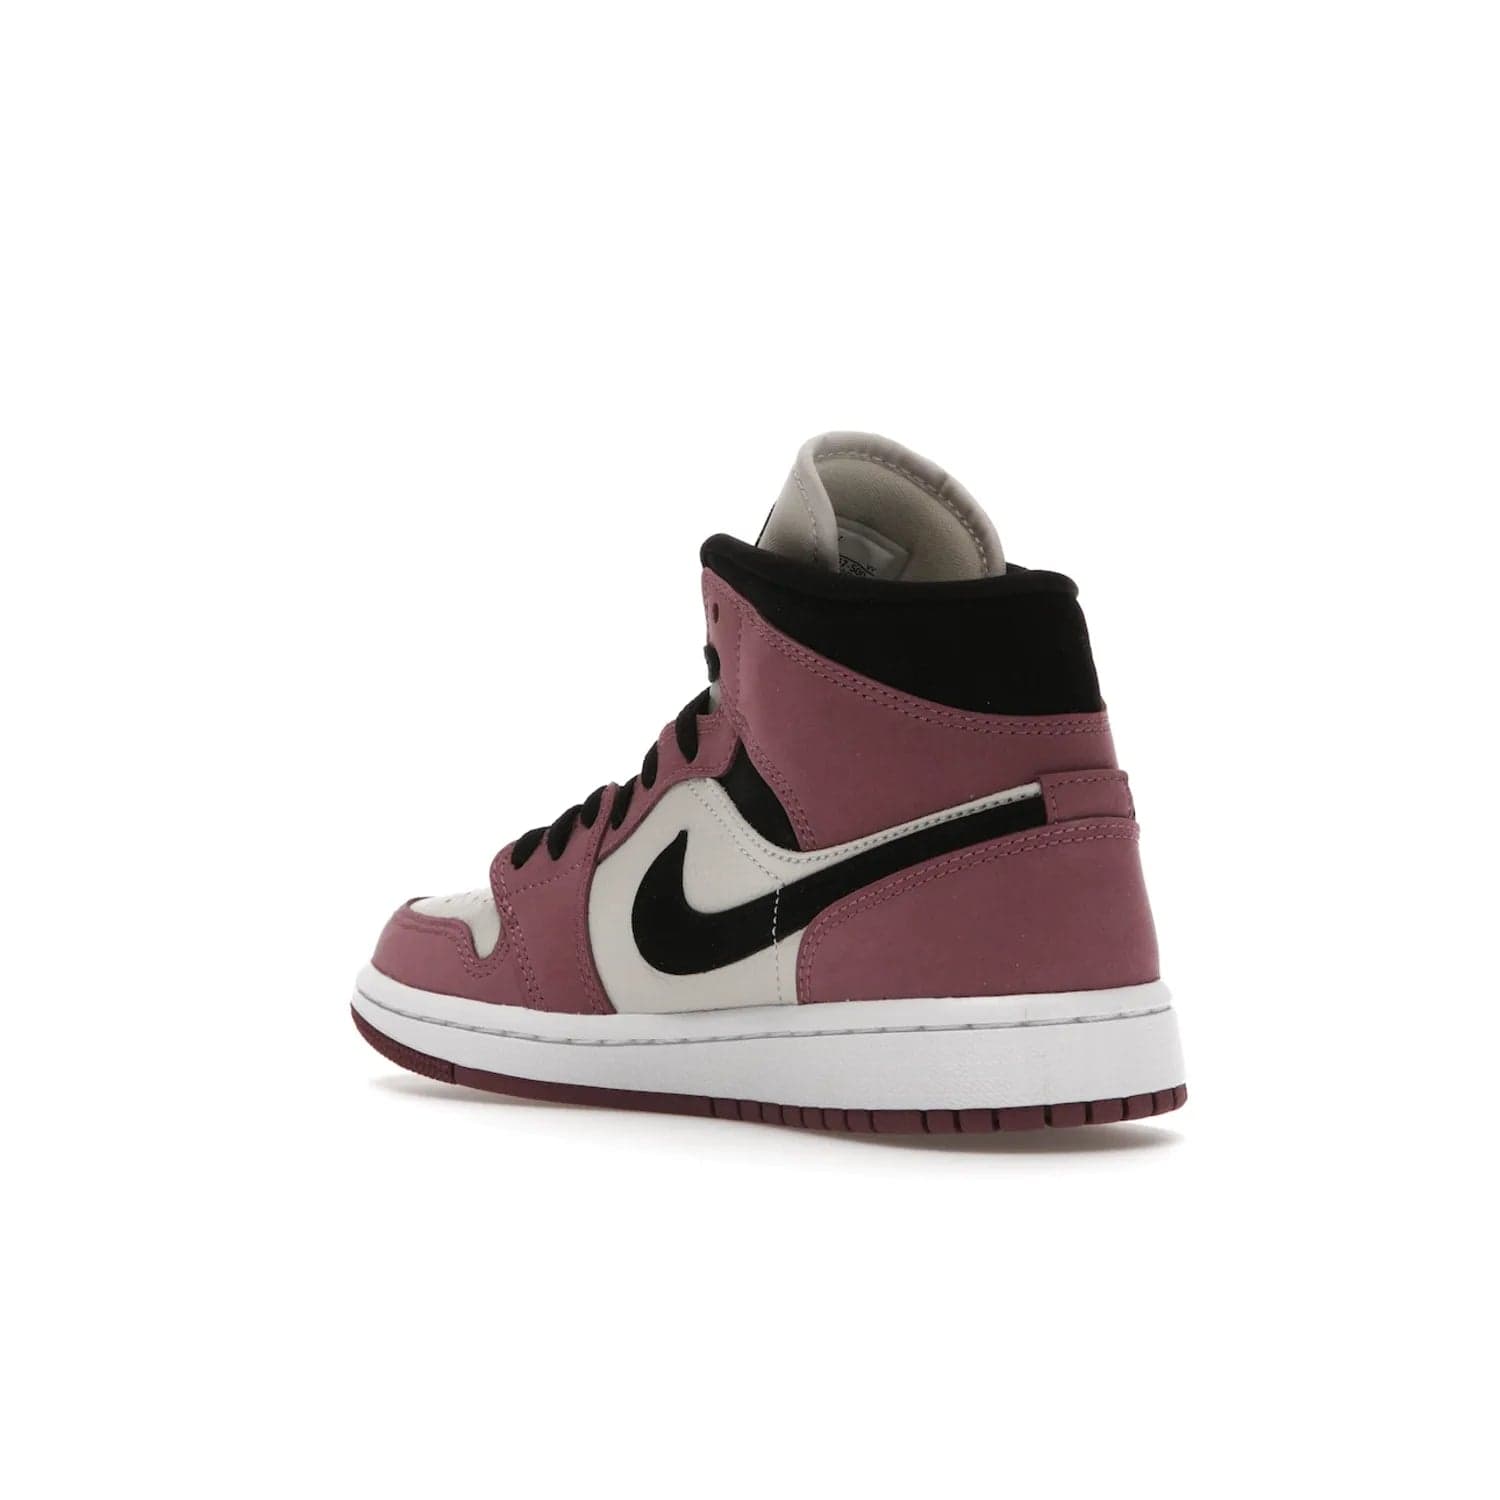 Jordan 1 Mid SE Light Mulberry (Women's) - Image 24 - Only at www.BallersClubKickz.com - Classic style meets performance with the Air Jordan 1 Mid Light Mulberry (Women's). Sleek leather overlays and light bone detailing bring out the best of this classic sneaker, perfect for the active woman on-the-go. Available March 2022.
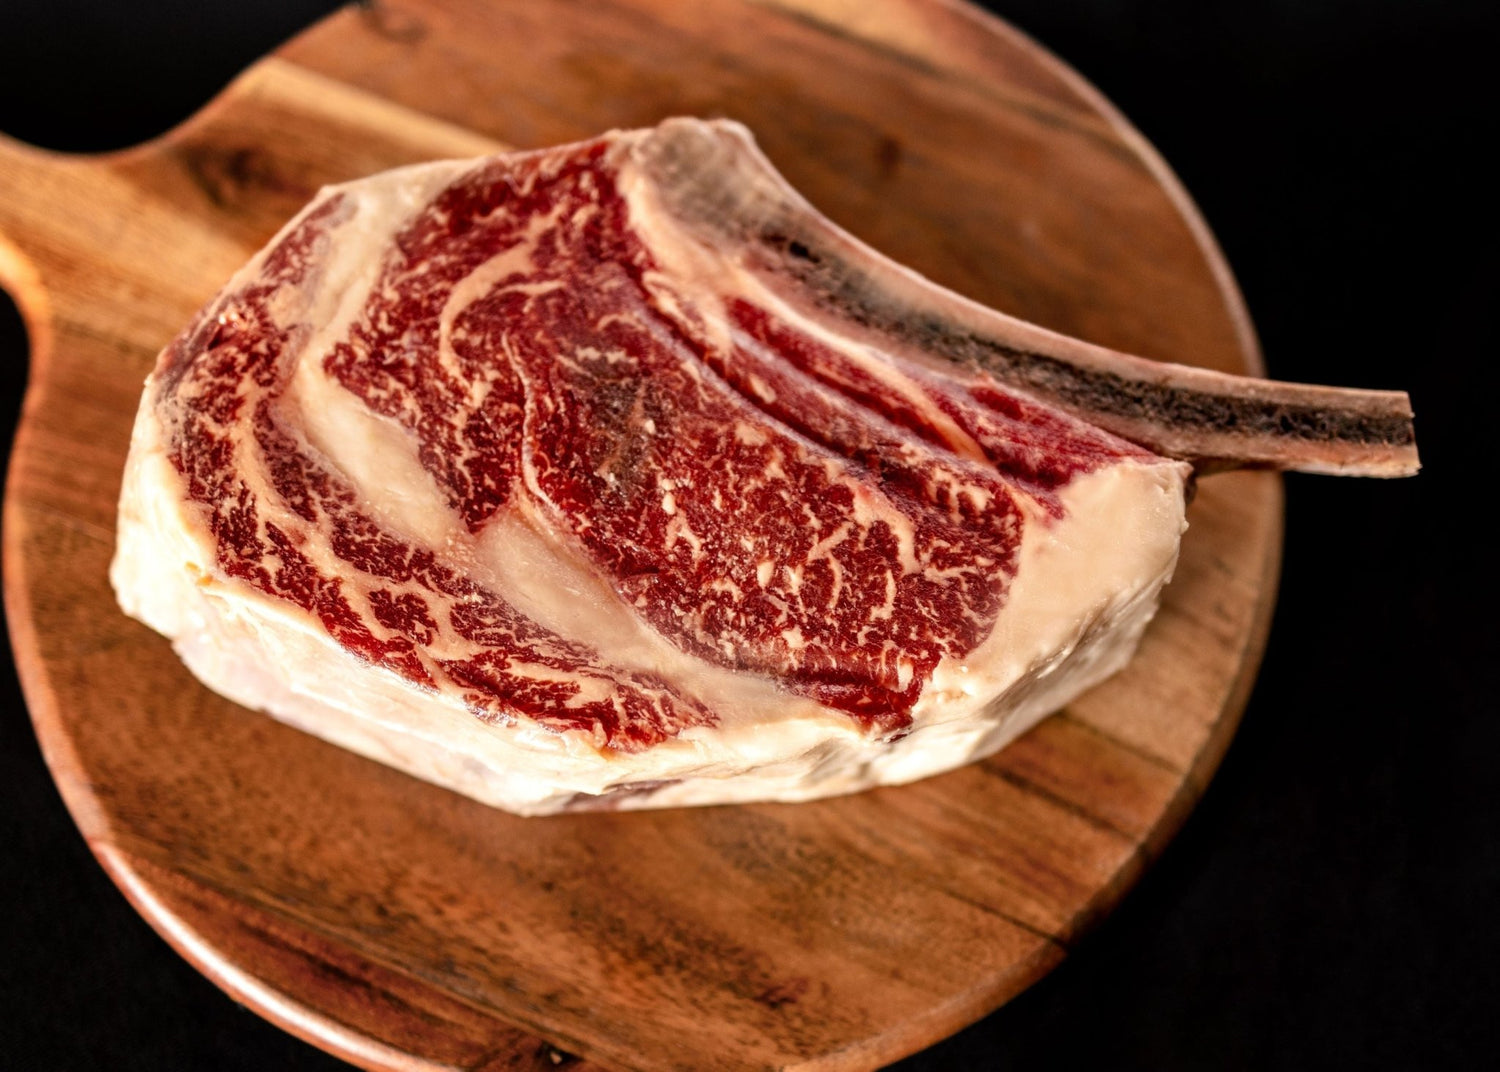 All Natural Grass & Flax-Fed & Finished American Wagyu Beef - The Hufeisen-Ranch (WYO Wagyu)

################

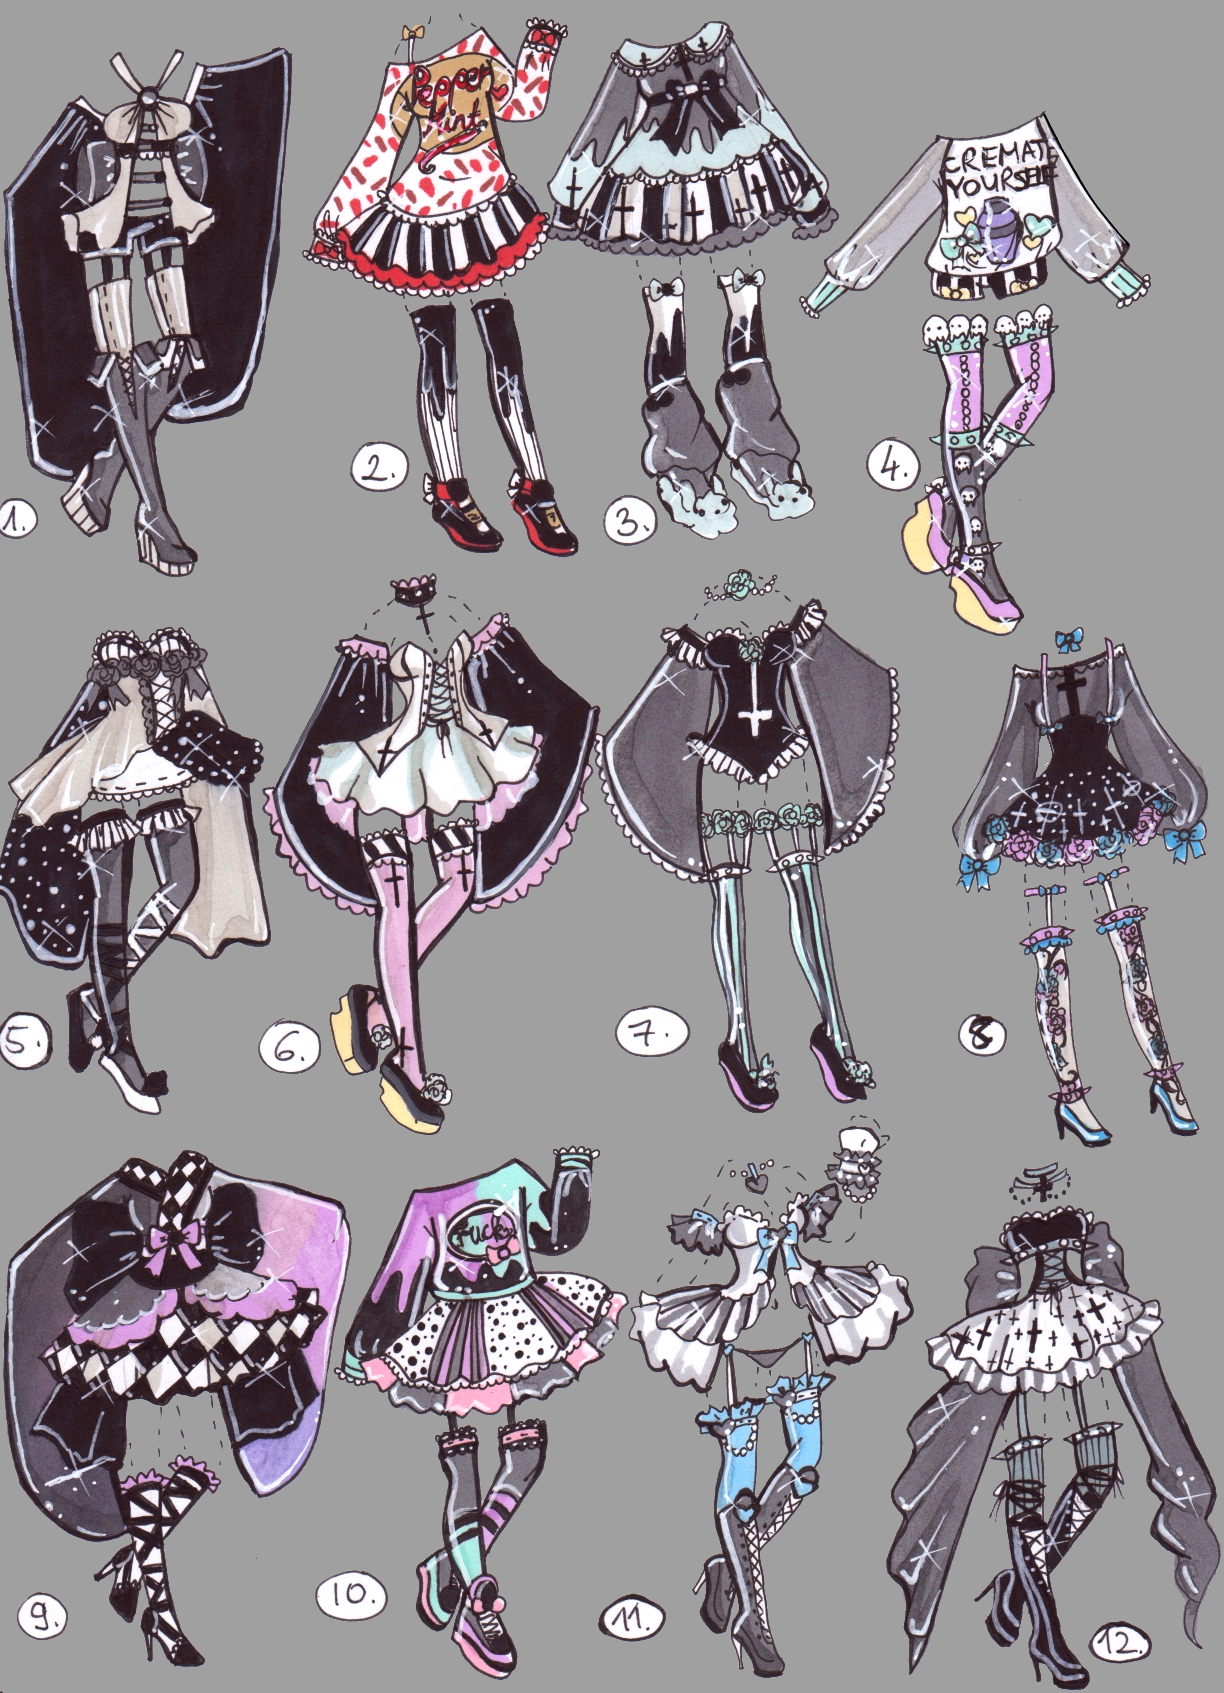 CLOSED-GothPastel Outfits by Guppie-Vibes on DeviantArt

################

Task details -> Set the pictures aside and retype exactly the lines above from the line with "Jordan 1 Mid SE" to the line with "All Natural Grass", both included, adding no others.

Response box ->
 Jordan 1 Mid SE Light Mulberry (Women's) - Image 24 - Only at www.BallersClubKickz.com - Classic style meets performance with the Air Jordan 1 Mid Light Mulberry (Women's). Sleek leather overlays and light bone detailing bring out the best of this classic sneaker, perfect for the active woman on-the-go. Available March 2022.
 All Natural Grass & Flax-Fed & Finished American Wagyu Beef - The Hufeisen-Ranch (WYO Wagyu)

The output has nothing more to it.